2) Unify the set-up code for conventional and NUMA scheduler domains.
3) The arch is able to specify additional scheduler domain level, other
than SMT, MC, BOOK, and CPU.
4) Allow to integrate the provision of additional topology related data
(e.g. energy information) to the scheduler.
Moreover, I think now that:
5) Something like the existing default set-up via default_topology[] is
needed to avoid code duplication for archs not interested in (3) or (4).

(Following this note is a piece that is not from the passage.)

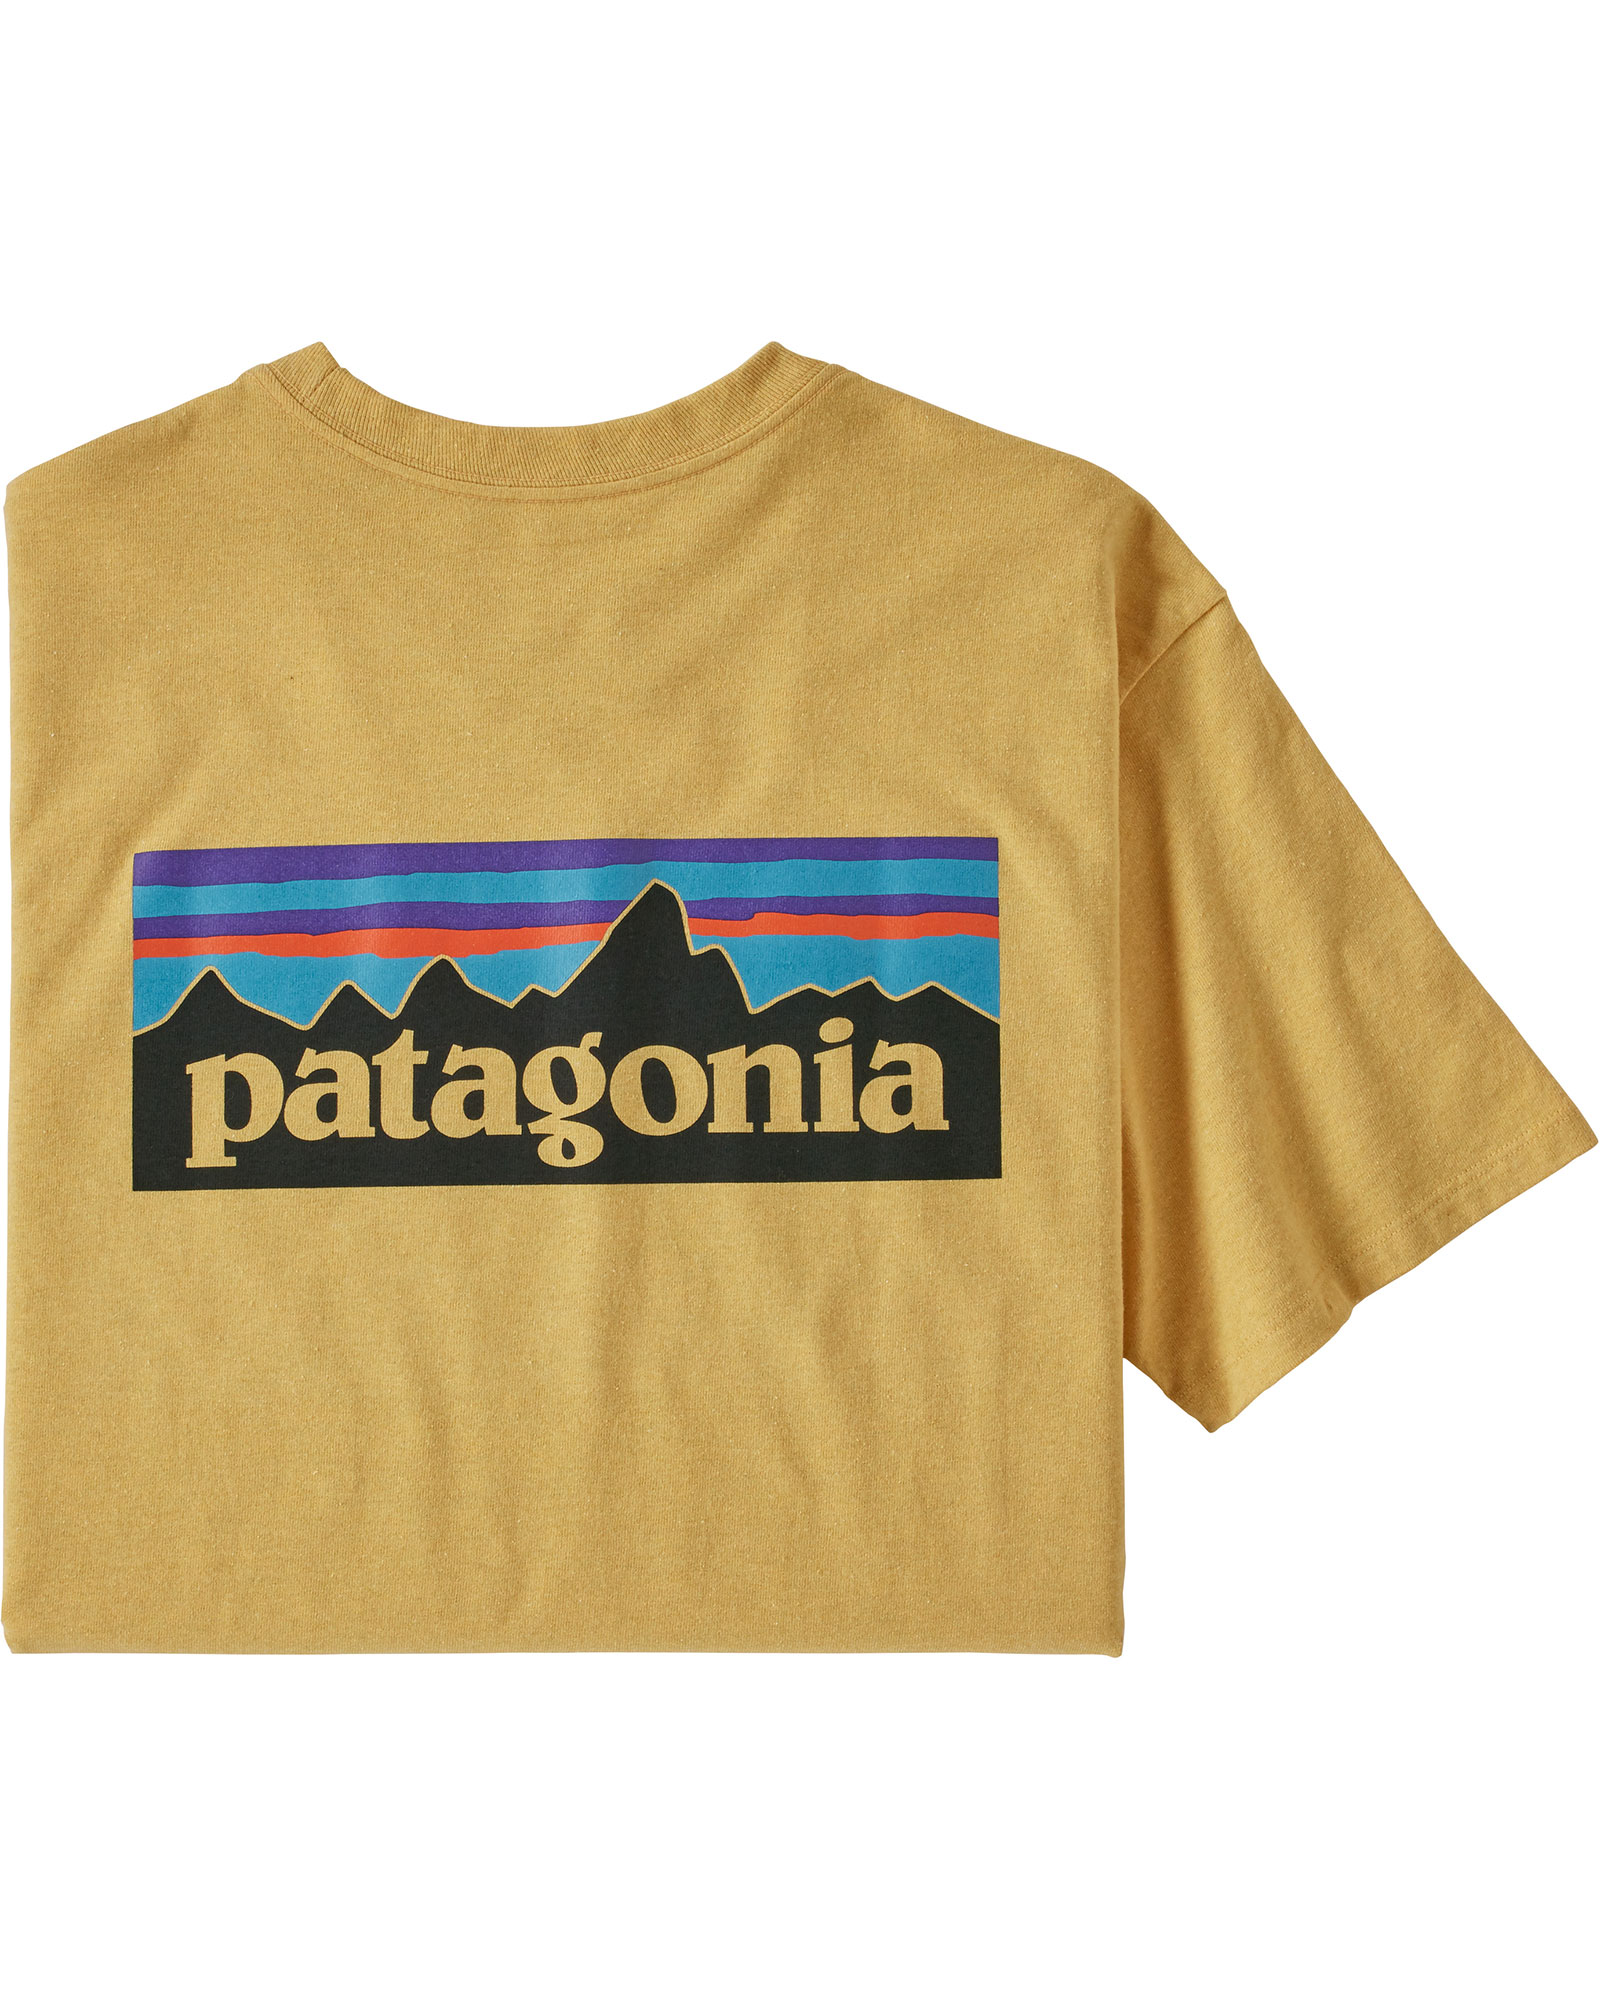 Patagonia P6 Logo Men’s Responsibili Tee - Surfboard Yellow L

I can see the following similarities w/ your implementation:
1) Move the cpu_foo_mask functions from scheduler to topology. I even
put cpu_smt_mask() and cpu_cpu_mask() into include/linux/topology.h.
2) Use the existing func ptr sched_domain_mask_f to pass per-cpu cpu
mask from the topology shim-layer to the scheduler.
>
> Based on the results of this tests, my feeling about this new way to init the
> sched_domain is a bit mitigated.
>
> The good point is that I have been able to create the same sched_domain
> topologies than before and even more complex ones (where a subset of the cores
> in a cluster share their powergating capabilities). I have described various
> topology results below.
>
> I use a system that is made of a dual cluster of quad cores with hyperthreading
> for my examples.
>
> If one cluster (0-7) can powergate its cores independantly but not the other
> cluster (8-15) we have the following topology, which is equal to what I had
> previously:
>
> CPU0:
> domain 0: span 0-1 level: SMT
> flags: SD_SHARE_CPUPOWER | SD_SHARE_PKG_RESOURCES | SD_SHARE_POWERDOMAIN
> groups: 0 1
> domain 1: span 0-7 level: MC
> flags: SD_SHARE_PKG_RESOURCES
> groups: 0-1 2-3 4-5 6-7
> domain 2: span 0-15 level: CPU
> flags:
> groups: 0-7 8-15
>
> CPU8
> domain 0: span 8-9 level: SMT
> flags: SD_SHARE_CPUPOWER | SD_SHARE_PKG_RESOURCES | SD_SHARE_POWERDOMAIN
> groups: 8 9
> domain 1: span 8-15 level: MC
> flags: SD_SHARE_PKG_RESOURCES | SD_SHARE_POWERDOMAIN
> groups: 8-9 10-11 12-13 14-15
> domain 2: span 0-15 level CPU
> flags:
> groups: 8-15 0-7
>
> We can even describe some more complex topologies if a susbset (2-7) of the
> cluster can't powergate independatly:
>
> CPU0:
> domain 0: span 0-1 level: SMT
> flags: SD_SHARE_CPUPOWER | SD_SHARE_PKG_RESOURCES | SD_SHARE_POWERDOMAIN
> groups: 0 1
> domain 1: span 0-7 level: MC
> flags: SD_SHARE_PKG_RESOURCES
> groups: 0-1 2-7
> domain 2: span 0-15 level: CPU
> flags:
> groups: 0-7 8-15
>
> CPU2:
> domain 0: span 2-3 level: SMT
> flags: SD_SHARE_CPUPOWER | SD_SHARE_PKG_RESOURCES | SD_SHARE_POWERDOMAIN
> groups: 0 1
> domain 1: span 2-7 level: MC
> flags: SD_SHARE_PKG_RESOURCES | SD_SHARE_POWERDOMAIN
> groups: 2-7 4-5 6-7
> domain 2: span 0-7 level: MC
> flags: SD_SHARE_PKG_RESOURCES
> groups: 2-7 0-1
> domain 3: span 0-15 level: CPU
> flags:
> groups: 0-7 8-15
>
> In this case, we have an aditionnal sched_domain MC level for this subset (2-7)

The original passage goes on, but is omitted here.